SWT or Swing for Plugin Project

I'm creating a plugin project that will have a menu and toolbar item, that when clicked, will open a dialog for user interaction (input, searching, etc.). Should I create the dialog using SWT or Swing?

Upvotes: 2

Views: 928

Answers (4)

Eugene Ryzhikov
Eugene Ryzhikov

Reputation: 17359

One advantage of doing it in Swing is that you don't have to supply any other libraries, because Swing is part of JRE. With SWT you have to do it and you have to have separate dlls for specific platforms. UPDATE: Since you mentioned that you have to create Eclipse plugin, I think you have a clear choice here - SWT. It is what Eclipse is based on.

Upvotes: 5

Andy Thomas
Andy Thomas

Reputation: 86411

SWT.

Debate over the merits of Swing and SWT is irrelevant. Your plug-in will integrate with a platform built on SWT. Using the same user-interface toolkit will simplify your development and testing, and produce better results.

There are cases where it's useful to use Swing within Eclipse, such as when you have an existing codebase that would be impractical to port. There is an SWT/AWT bridge; I have not used it.

Upvotes: 3

Powerlord
Powerlord

Reputation: 88796

Since you're integrating Code Barrel into Eclipse, and SWT is part of the Eclipse project...

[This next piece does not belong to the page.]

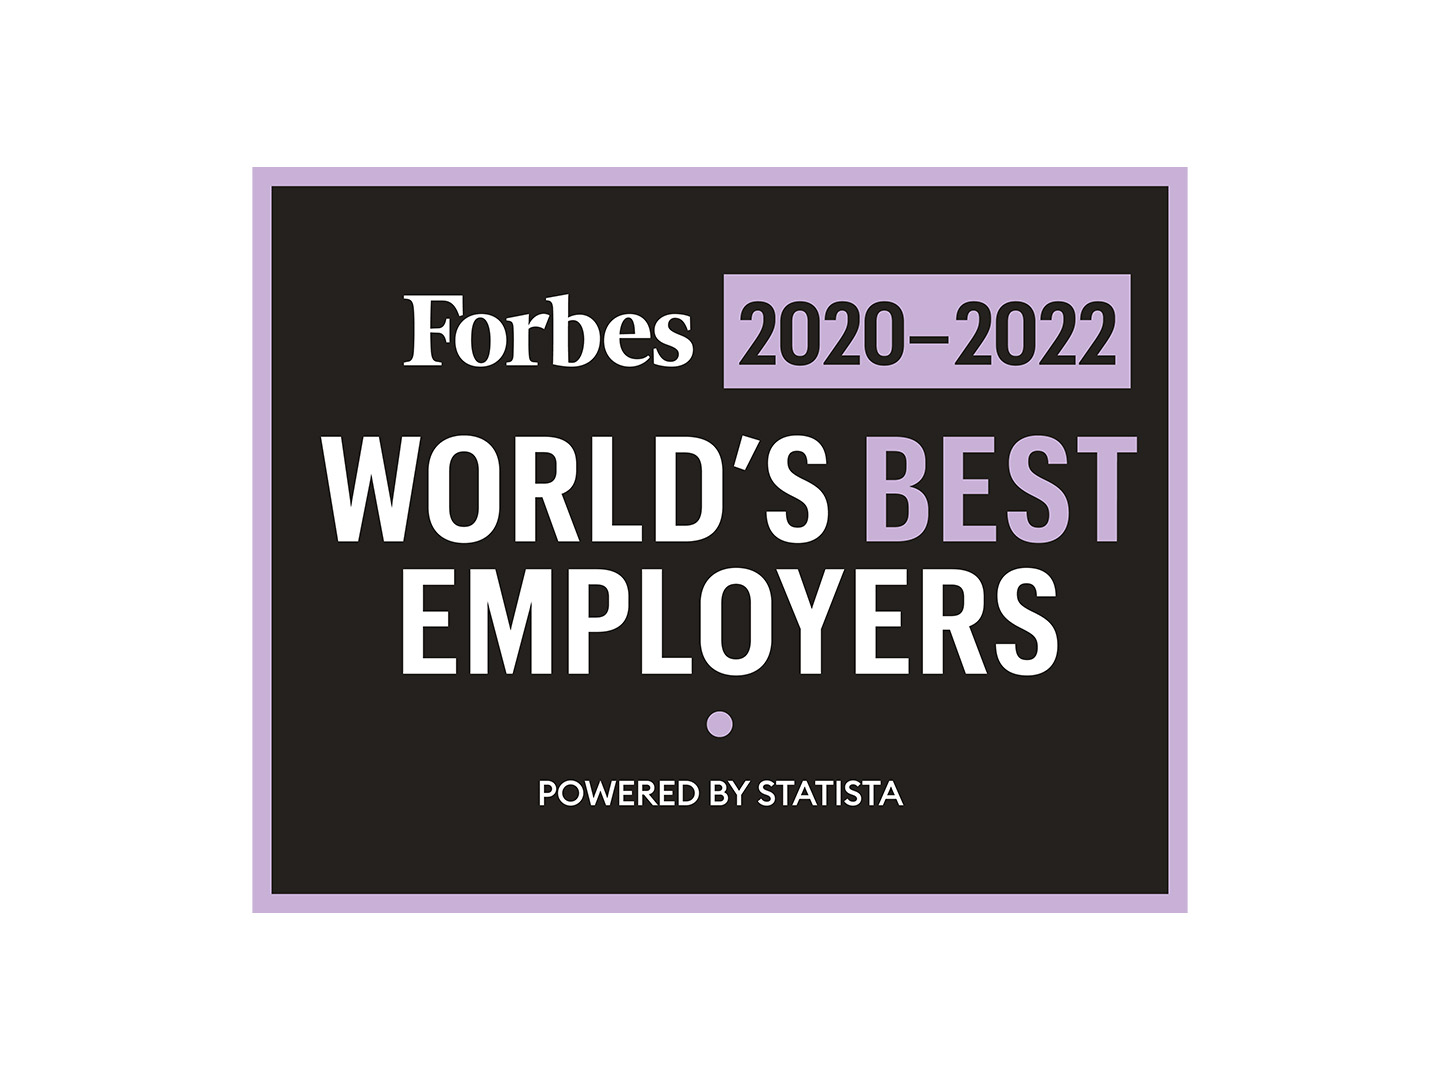 World's Best Employer 2020-2022

Actually, you should be looking at the Eclipse Plug-in Architecture and see how it works.

Upvotes: 1

trashgod
trashgod

Reputation: 205785

Like @eugener, I prefer Swing to SWT, but both are rich, well-maintained frameworks that will serve the purpose. NetBeans and Eclipse are widely used exemplars. SWT binaries for popular platforms aren't too hard to integrate. The SWT FAQ may offer some perspective.

You'll need some other criteria to decide.